Traditional property and casualty coverages continue to lead in the captive space, accounting for the largest segment of captive premium at 36%. Other coverages that Marsh-managed captives fund are: 

  • Life insurance: 30%
  • Employee benefits: 19%
  • Financial lines: 15%

Interest in non-traditional lines of captive insurance coverage also continues to grow. On the employee benefit side, medical stop-loss premiums in captives were up 32%, while in voluntary benefits it increased 39%. On the casualty side, directors and officers (D&O) liability increased 100%. And as the commercial cyber insurance market remained challenging, cyber premiums in captives have risen 57%, and notably the number of Marsh-managed captives writing cyber has increased by more than 75%.

Casualty coverage, long a backbone of captives, is also undergoing an evolution.
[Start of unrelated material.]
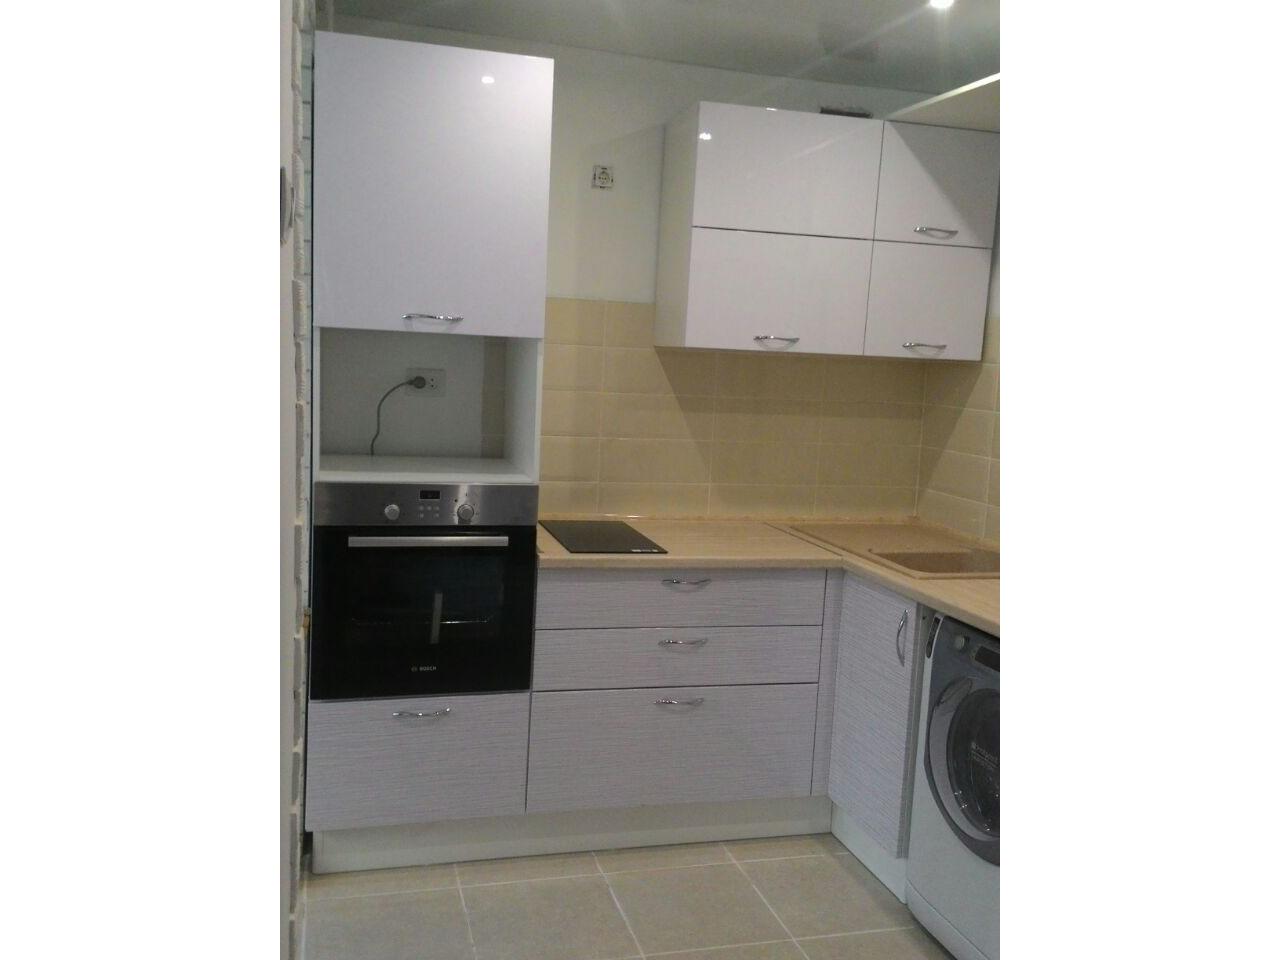 Фото. Кухня эконом класса. Цена 48 тыс рублей

Many captive owners want to know how to become smarter about what they are financing. There has been a lot of growth in the casualty space, with workers’ compensation remaining the biggest segment. The challenging market has caused some captive owners to ask how they can change their approach to get different results from the past. This is manifesting in such things as tie-ins to employee benefits, collaboration with HR, and growth and expansion of the captive footprint.

Third-party business had historically represented a small fraction of captive premium, but is now 27% of Marsh-managed captive premium. More captive owners are interested in capturing underwriting profit and investment income on cash flow associated with insuring third-party risks. In addition to diversifying the captive’s risk portfolio, third-party coverages — such as pet insurance, umbrella liability, automobile, and extended warranties — can enhance a captive’s profitability.

Putting such a diverse set of risk categories into the captive helps to spread volatility across multiple coverage lines, and can lower volatility in the captive itself.

Cell captives multiplying

Captives come in several forms, including single-parent captives, group captives, and protected cells, which is one of the fastest-growing forms. Cells are variously known as protected cell companies (PCCs), segregated portfolio companies (SPCs), segregated account companies (SACs), or incorporated cell companies (ICCs). Their names may vary from domicile to domicile, but their structure is similar in that each cell is individually capitalised and separated from other cells — and often referred to as a rent-a-captive.

1 in 4 of our new formations are protected cell captives, with advantages such as:

  • Up to 50% lower operating costs, compared to a single-parent captive.
  • Set-up time can be as short as a few days, rather than months.
  • Established infrastructure of service providers.
  • Potential to achieve same financial advantages as a single-parent captive.